◆ WORK INSTRUCTIONS
The result should be the listing below, restated exactly, with its pictures left out.

◆ AVAILABLE DATA

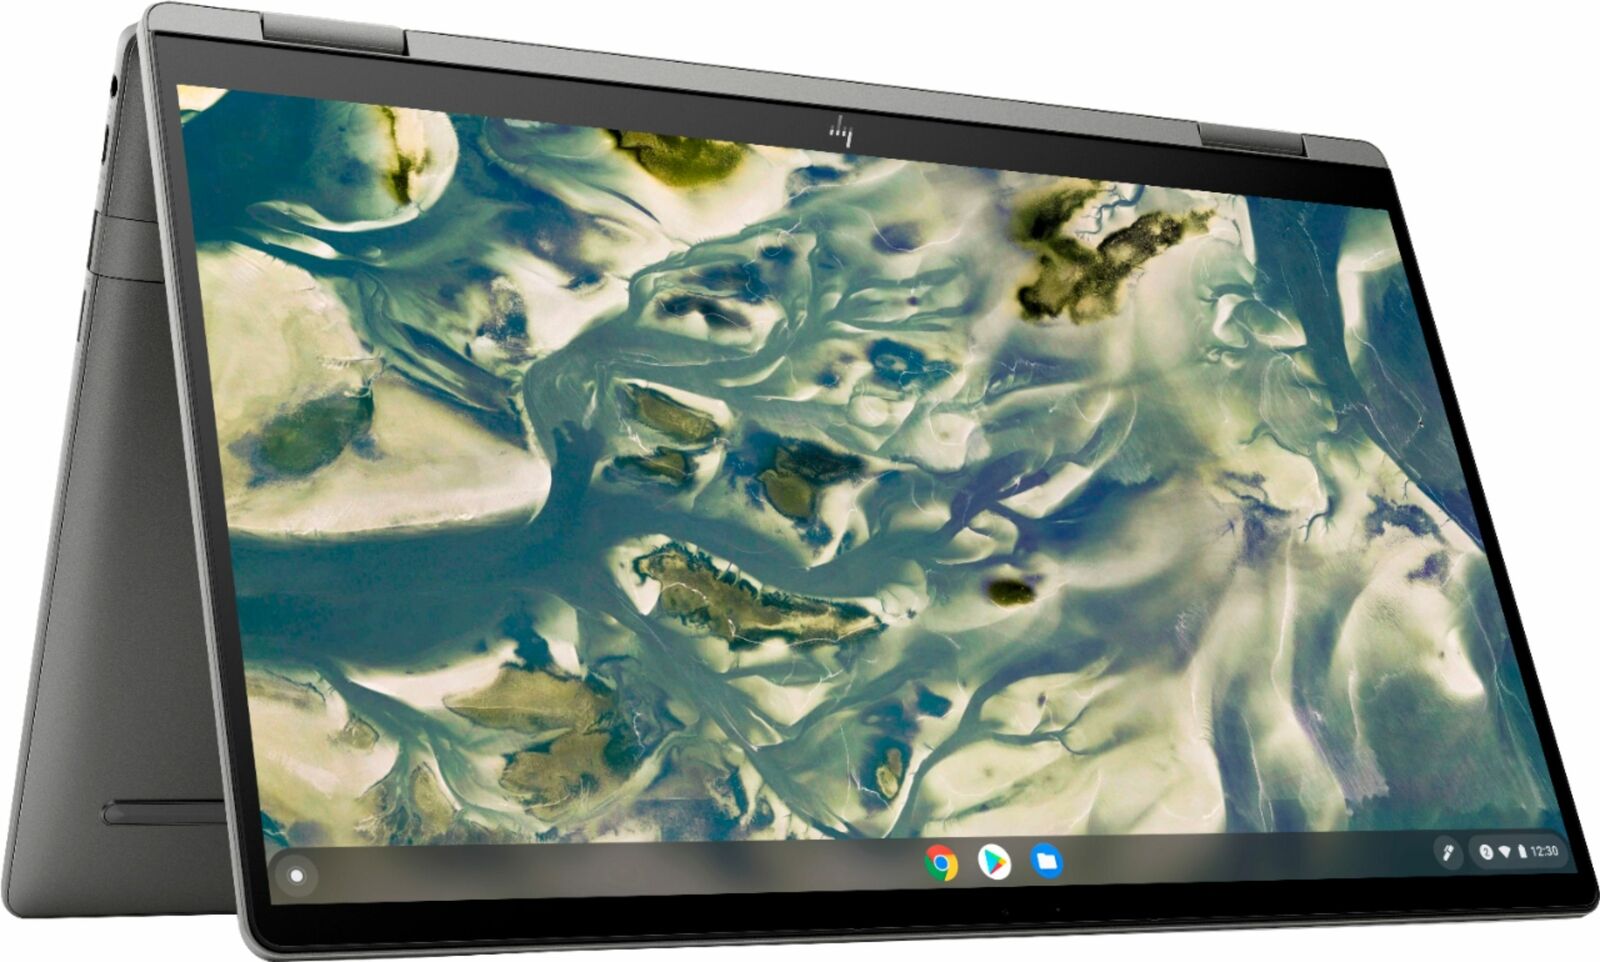 HP Chromebook x360 14c: 14" FHD IPS Touch, i3-1115G4, 8GB DDR4, 128GB SSD $399.99
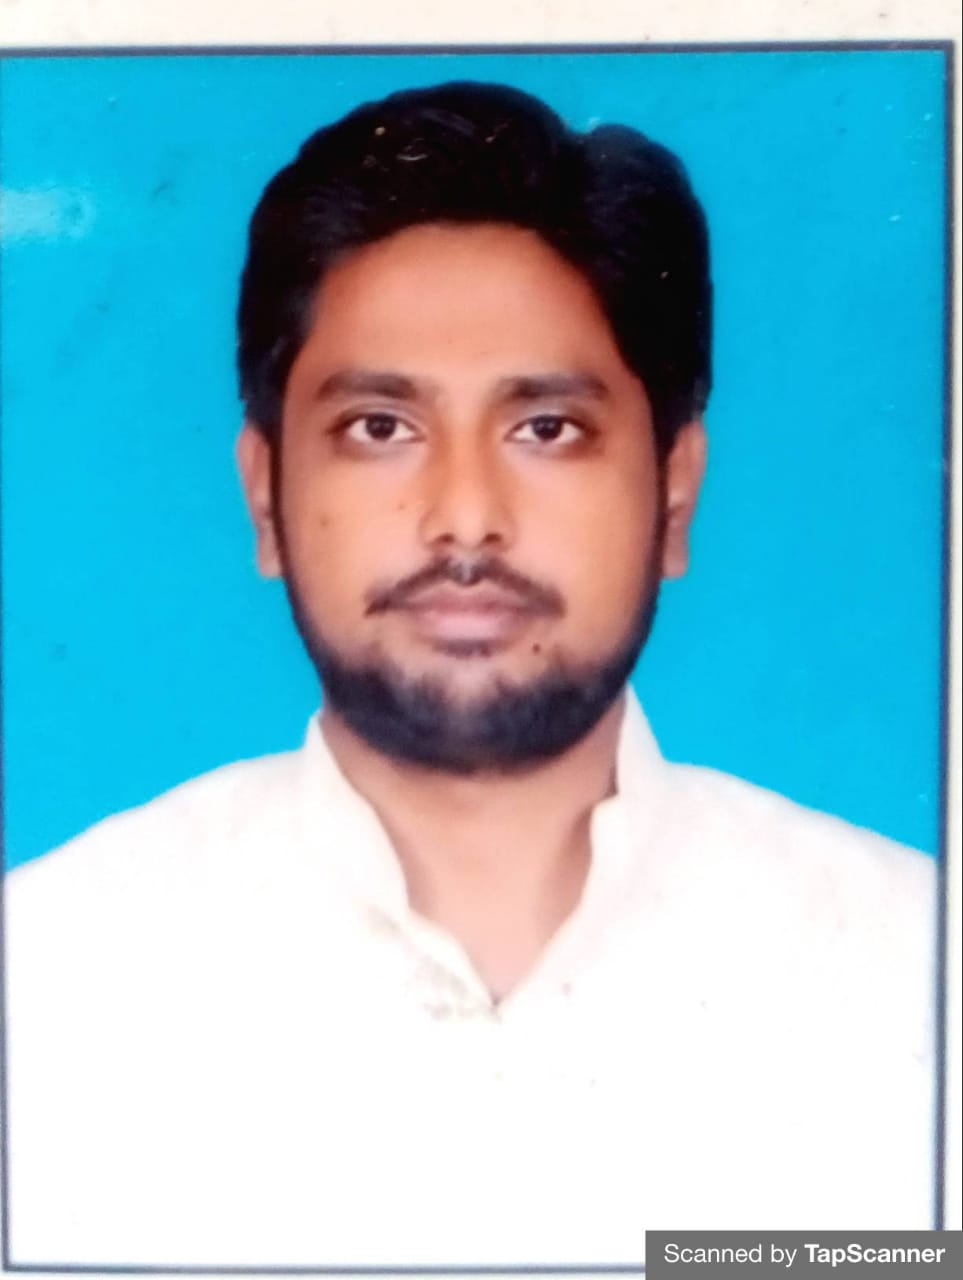 बाज़िदपुर पटना के युवा इंजीनियर मोहम्मद शाकिब अंसारी की हज वेलफेयर सोसायटी में बिहार स्टेट प्रदेश महासचिव पद पर नियुक्ति | New India Times
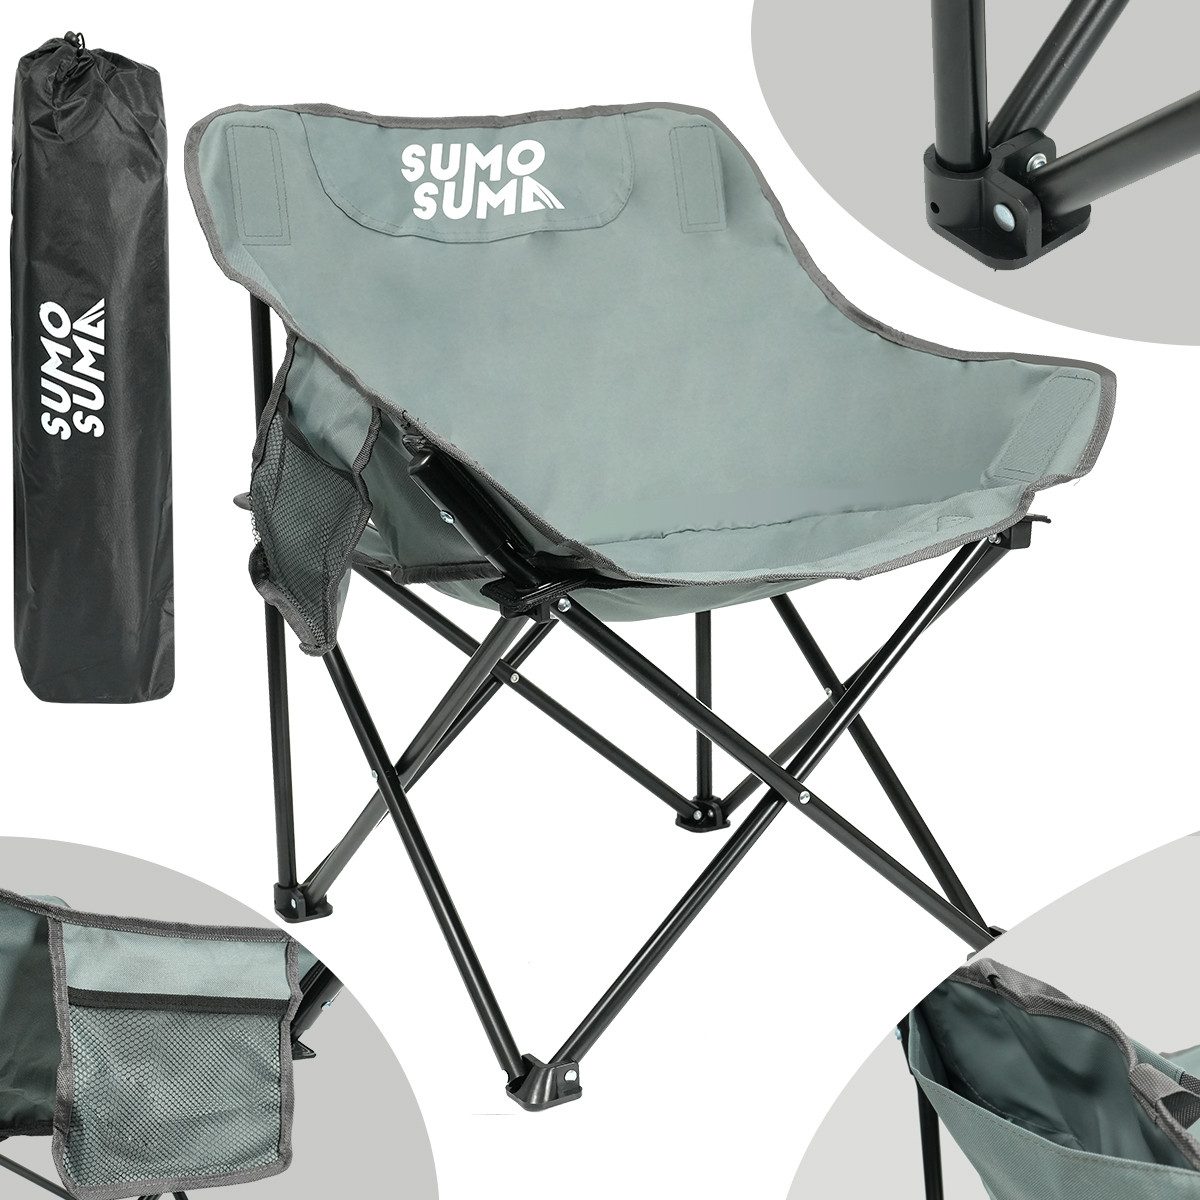 Sumosuma Campingstuhl Faltbar Camping Stuhl, Klappstuhl bis 160 kg, aus 600D Oxford-Gewebe (1 St), Mit hoher Rückenlehne, Tragegriff und Seitentasche

◆ EXERCISE OUTPUT
 HP Chromebook x360 14c: 14" FHD IPS Touch, i3-1115G4, 8GB DDR4, 128GB SSD $399.99
 बाज़िदपुर पटना के युवा इंजीनियर मोहम्मद शाकिब अंसारी की हज वेलफेयर सोसायटी में बिहार स्टेट प्रदेश महासचिव पद पर नियुक्ति | New India Times
 Sumosuma Campingstuhl Faltbar Camping Stuhl, Klappstuhl bis 160 kg, aus 600D Oxford-Gewebe (1 St), Mit hoher Rückenlehne, Tragegriff und Seitentasche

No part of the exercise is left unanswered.